At a special event in Cupertino today, Apple announced new Mac minis running on Intel Core Solo and Core Duo processors, making the machine 2.5x to 3x faster than the G4 models they replaced (according to Apple). Aside from the updated processor specifications, the new Mac mini features an integrated graphics chipset--called the Intel GMA950 graphics processor--which shares a minimum of 80MB of the system's 512MB of 667MHz DDR2 SDRAM.

Gamers generally loath integrated graphics: integrated chips share RAM with the system, making for a slower computer and a bad GPU (system RAM is much slower than dedicated VRAM). This is the first machine Apple has released without a dedicated graphics card. Previously the Mac mini featured a Radeon 9200 with 32 64MB of dedicated VRAM - not a brilliant chip, but one that doesn't rely on drawing RAM from the system.

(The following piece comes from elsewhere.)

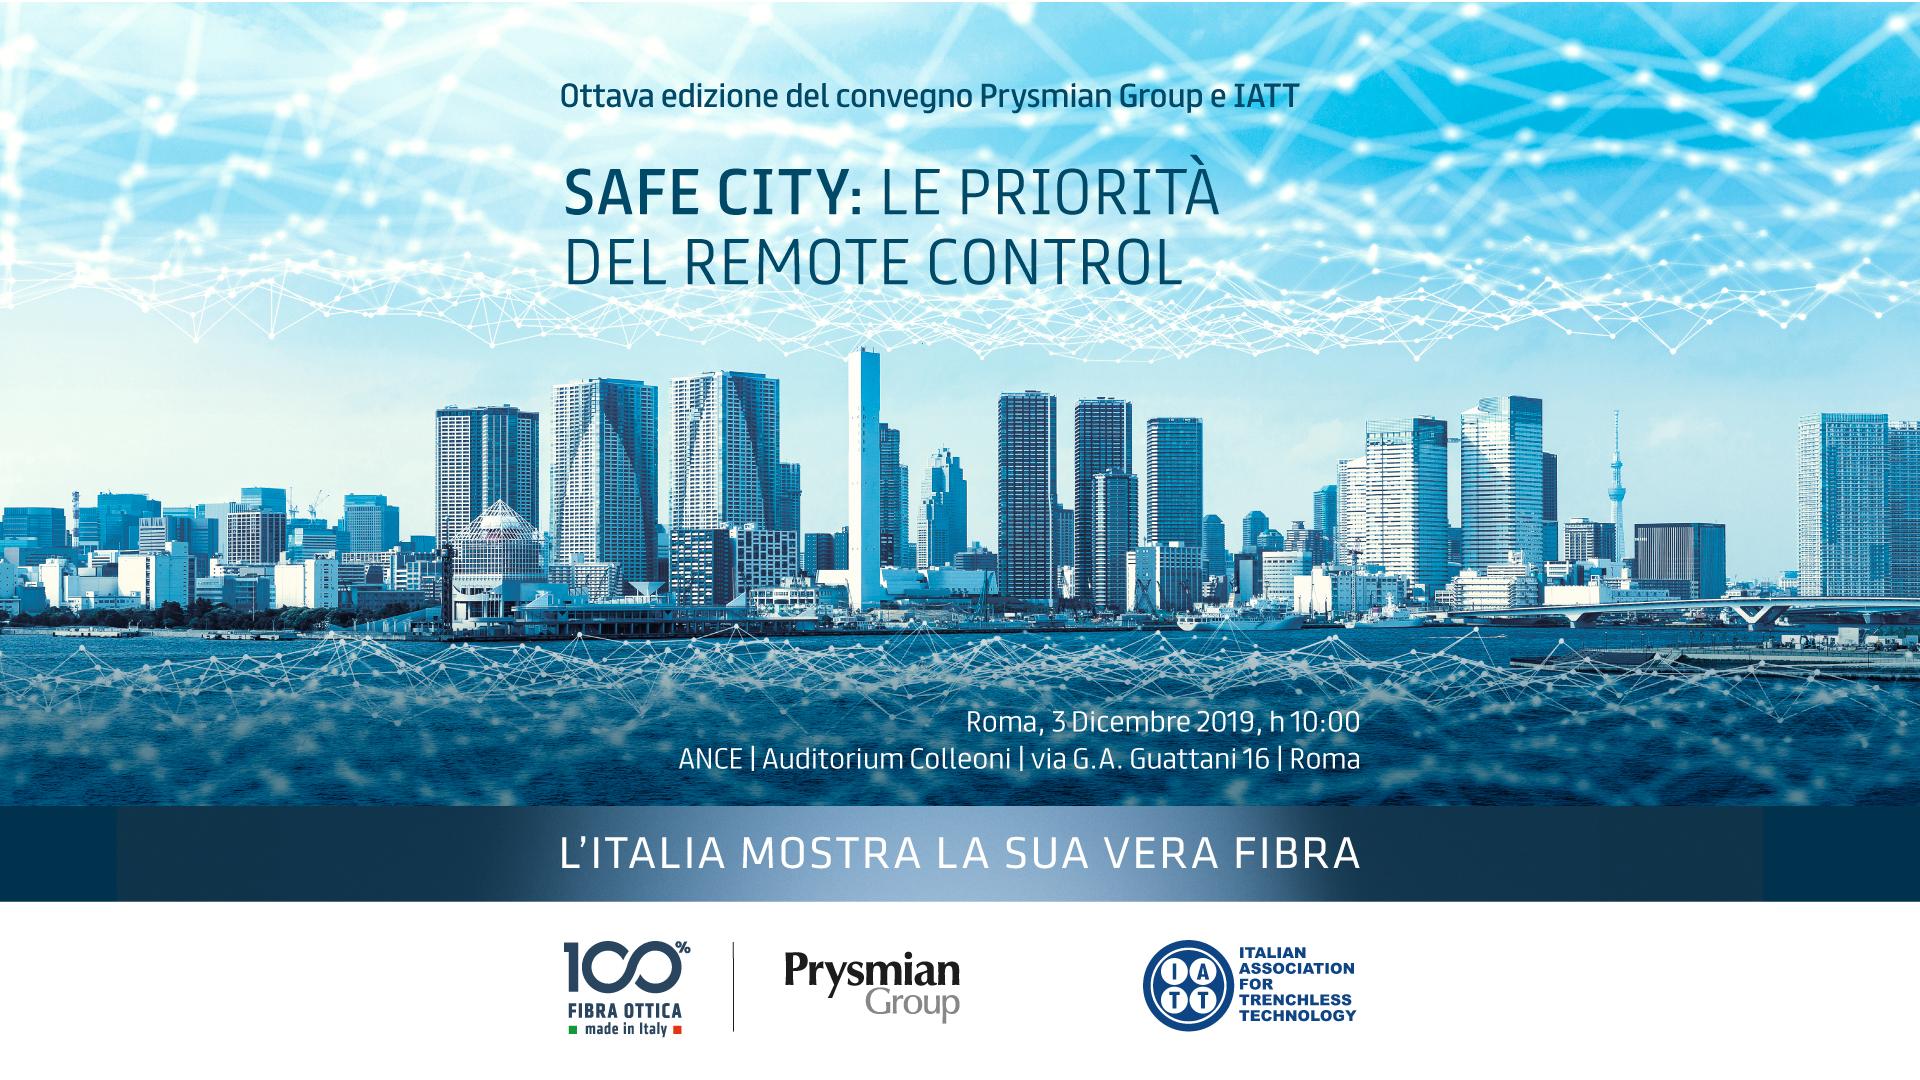 Ottava Edizione del Convegno Prysmian Group e IATT

While the Mac mini was never designed to be a gaming machine, it was intended to draw PC owners into buying a second, cheap BYODKM (bring your own display, keyboard and mouse) Macintosh. By including crippled graphics hardware (possibly as part of a price-reduced deal with Intel) Apple has ignored a potential market of casual PC gamers that would have picked up a Mac mini had it included a capable graphics chipset. With ATI and NVIDIA offering an array of outstanding Mobile chipsets (that fit into the Mac mini's low-power/small-size design ethos) we see little reason for this step backwards.